Нахт…
Рамсес взял её за руку, не заботясь о том, что кто-то мог увидеть их, и завёл в прохладную тень дома. Ветер кружил вокруг них, жизнерадостно вывалив язык, и только Хека тихо устроилась в спальне, перебравшись на ложе Шепсет. Царевич даже не заметил её, словно собака была частью общей обстановки, как статуэтки на алтаре. А вот Ветер подошёл ближе, принюхался. Он был не просто пёс, а священный зверь из храмовой стаи Хэр-Ди, и почуял её сущность.

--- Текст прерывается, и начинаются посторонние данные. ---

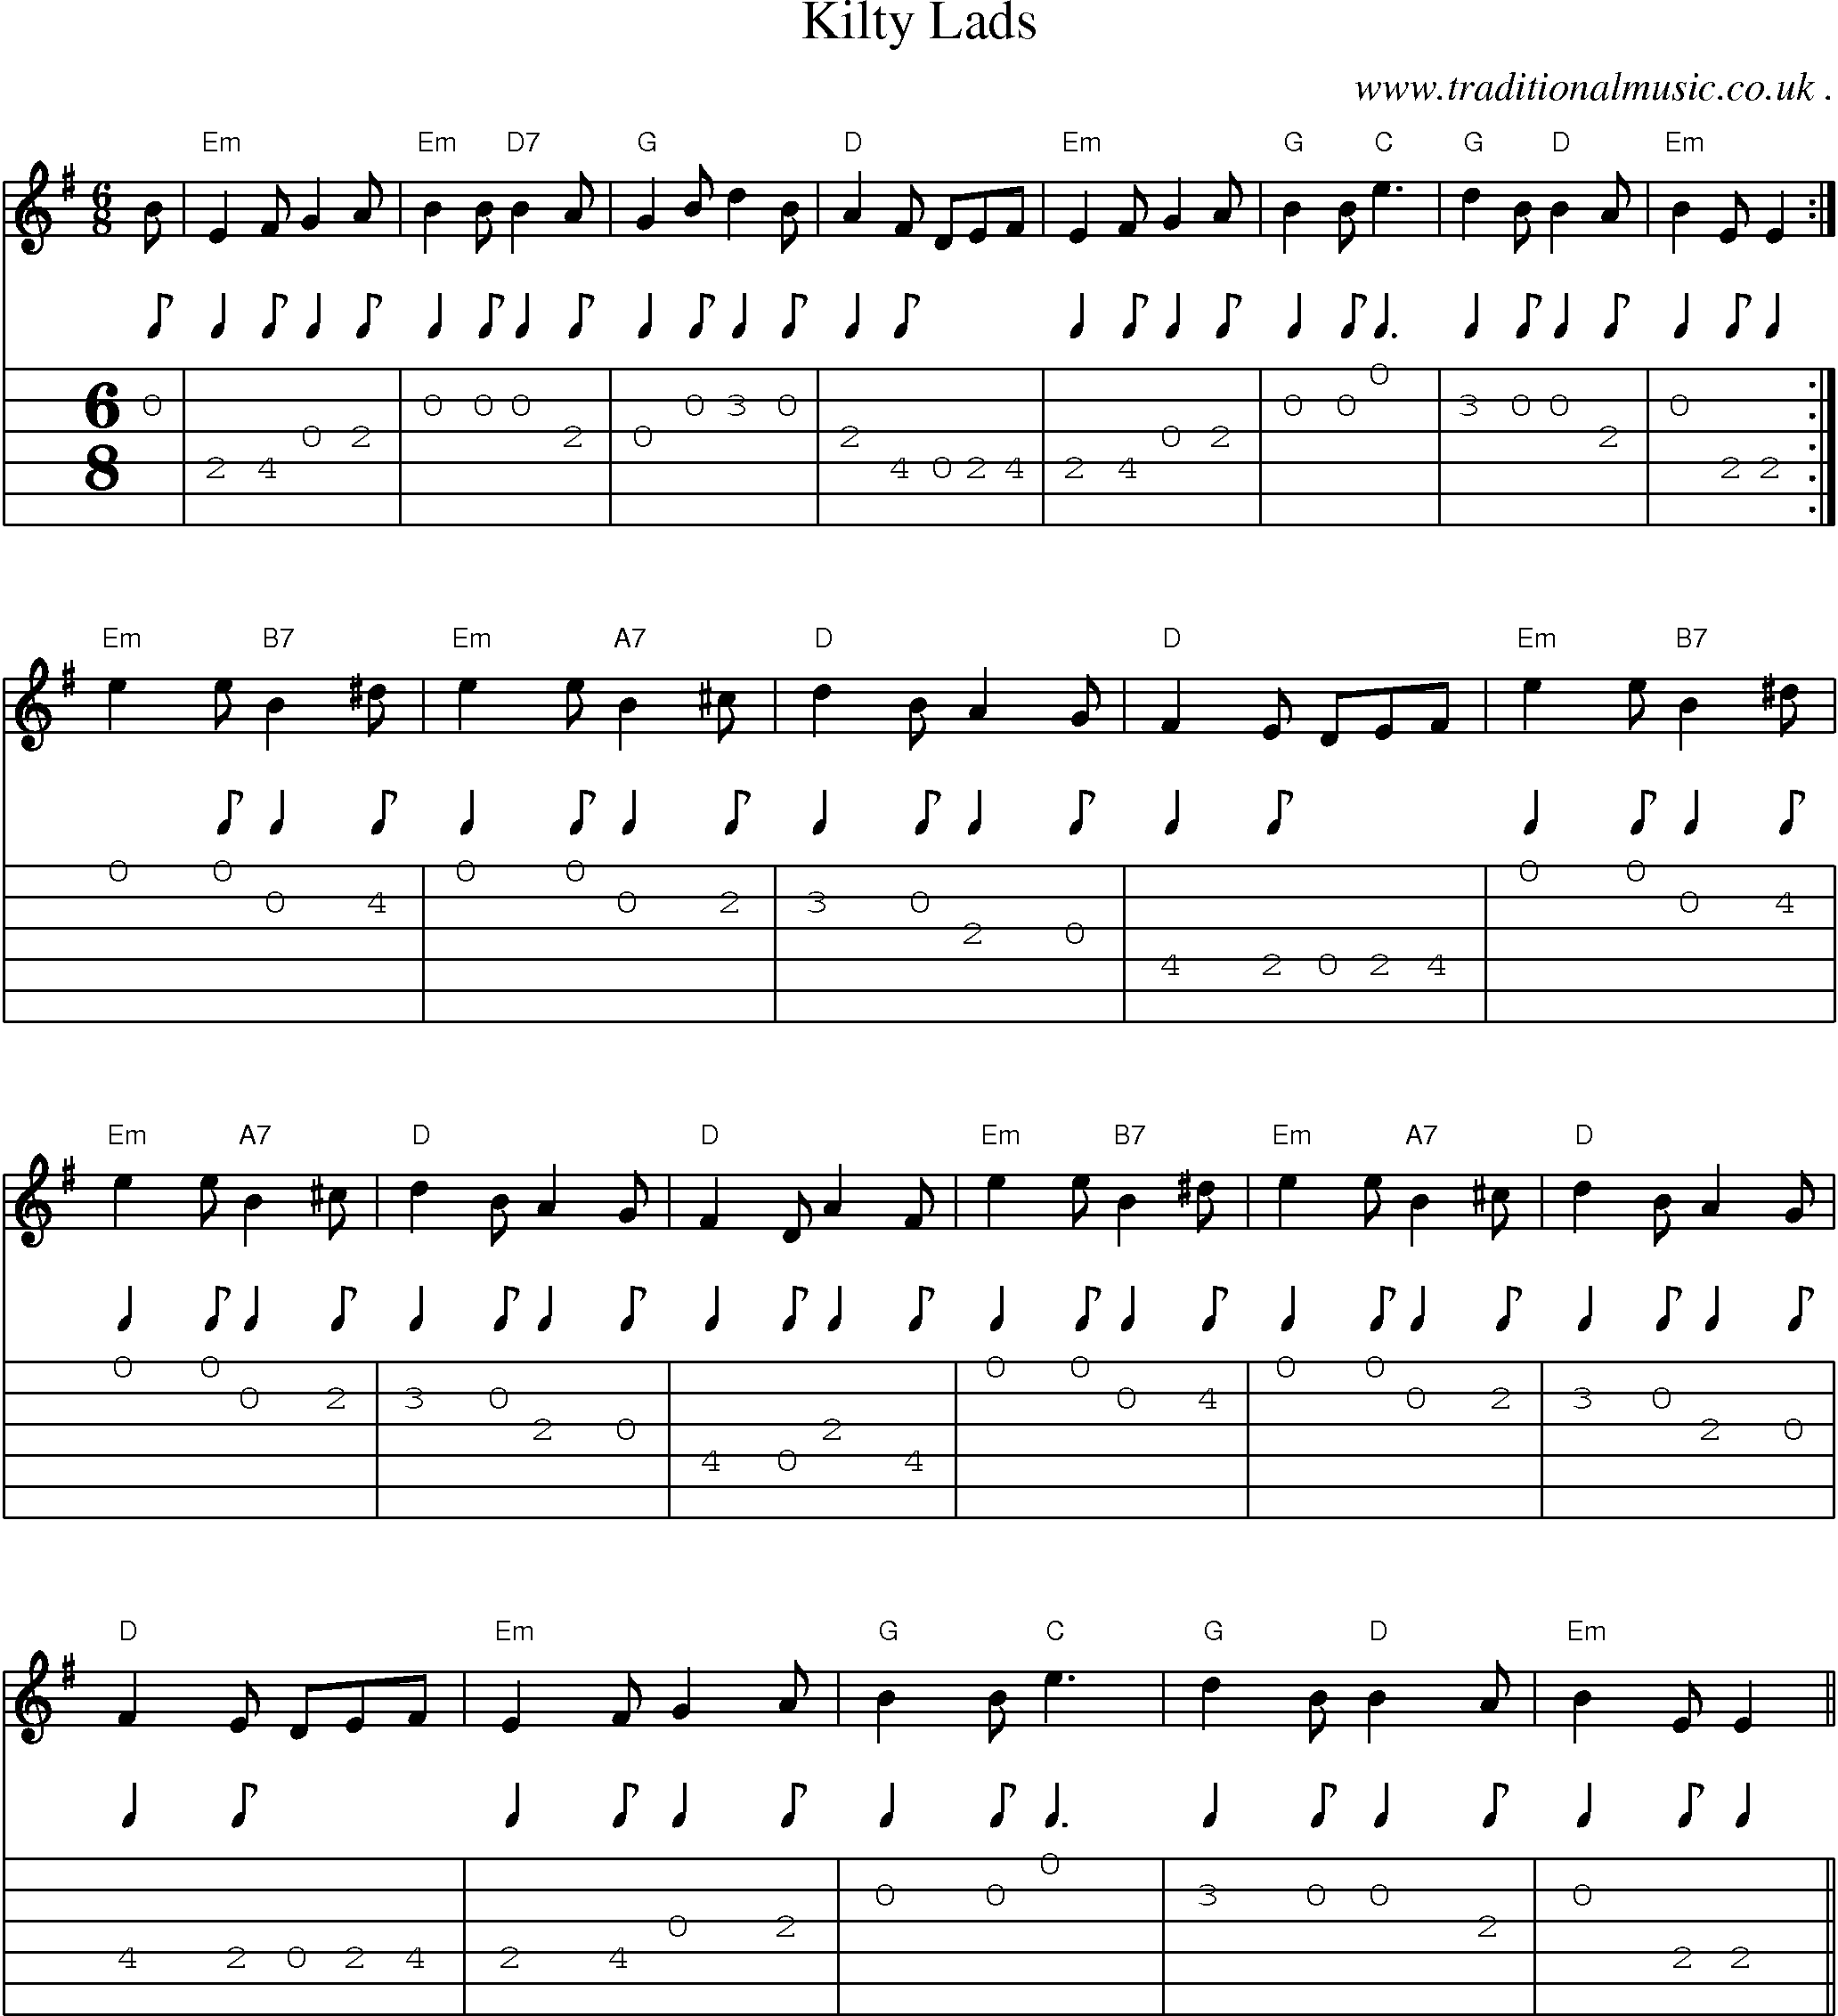 Sheet-Music and Guitar Tabs for Kilty Lads

Некоторое время Шепсет и Рамсес просто беседовали, делясь радостью от их невероятной встречи и какими-то общими воспоминаниями. Молодой правитель смеялся, то и дело нежно брал её за руки, словно никак не мог поверить, что жрица сидит прямо перед ним. Что она больше никуда не исчезнет.
Шепсет была невероятно рада видеть его, но почему-то теперь не испытывала того щемящего сердце волнения, как прежде, когда смущалась в его присутствии. А ещё нет-нет, но думала о том особенном чувстве надёжности, соприкосновения с чем-то настоящим, когда рядом был Нахт. Вместе, спина к спине, против целого мира.

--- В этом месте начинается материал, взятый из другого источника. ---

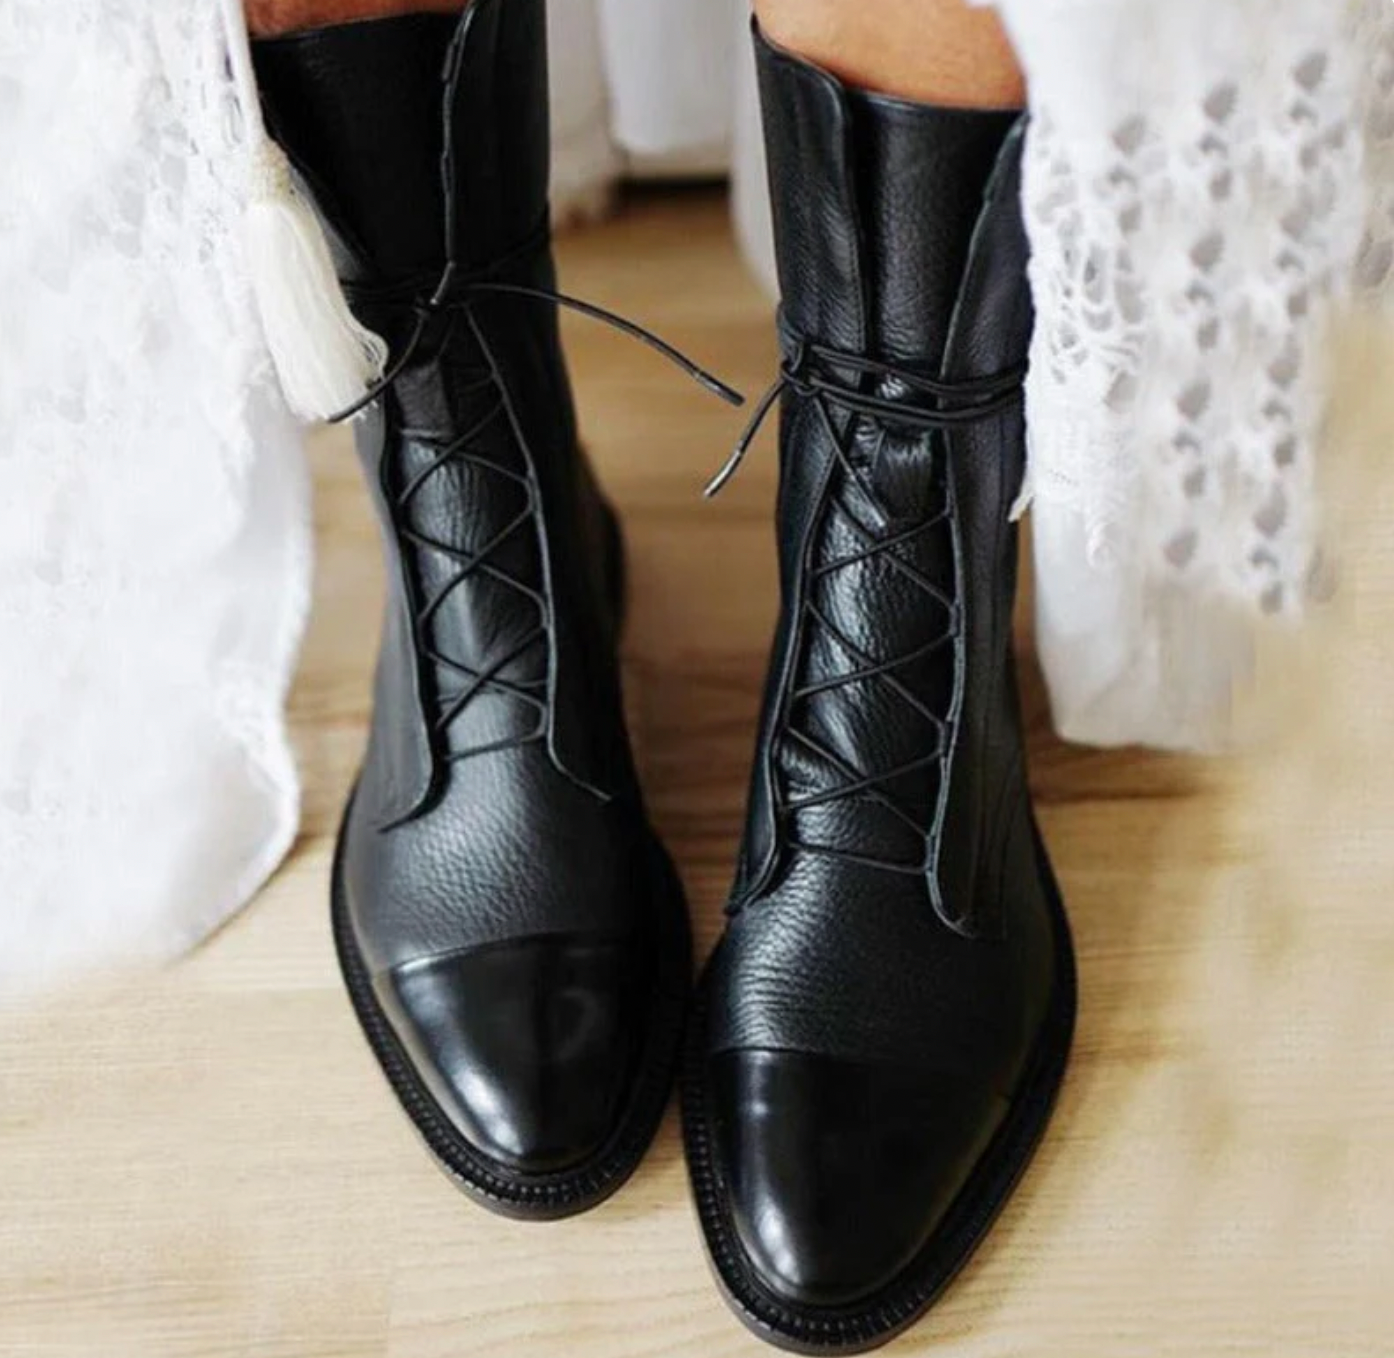 ANABEL - The elegant and cozy boot

Как странно, что её невозможное тайное желание всё-таки исполнилось – но она вспоминала другого. Нет, ни к чему сейчас было думать о меджае.
– До меня и правда доходили самые разные слухи. Но знаешь, мне совершенно неважно, что там говорят о твоей смерти и возвращении. Важнее для меня, как ты жила. – Рамсес чуть подался вперёд. Его глаза сияли. – Расскажи! Расскажи мне всё!
Шепсет медленно кивнула, не зная даже, с чего начать. Вряд ли ему интересно будет слушать о том, как она пыталась вспомнить себя, очнувшись у бальзамировщиков. Как Нахт спас её. Как она жила в гарнизоне Усерхата и как потом выбиралась из Уасет. Но жрица могла – и должна была – поведать ему о Сенедже, о сгоревшем гарнизоне и нападении на храм Хэр-Ди.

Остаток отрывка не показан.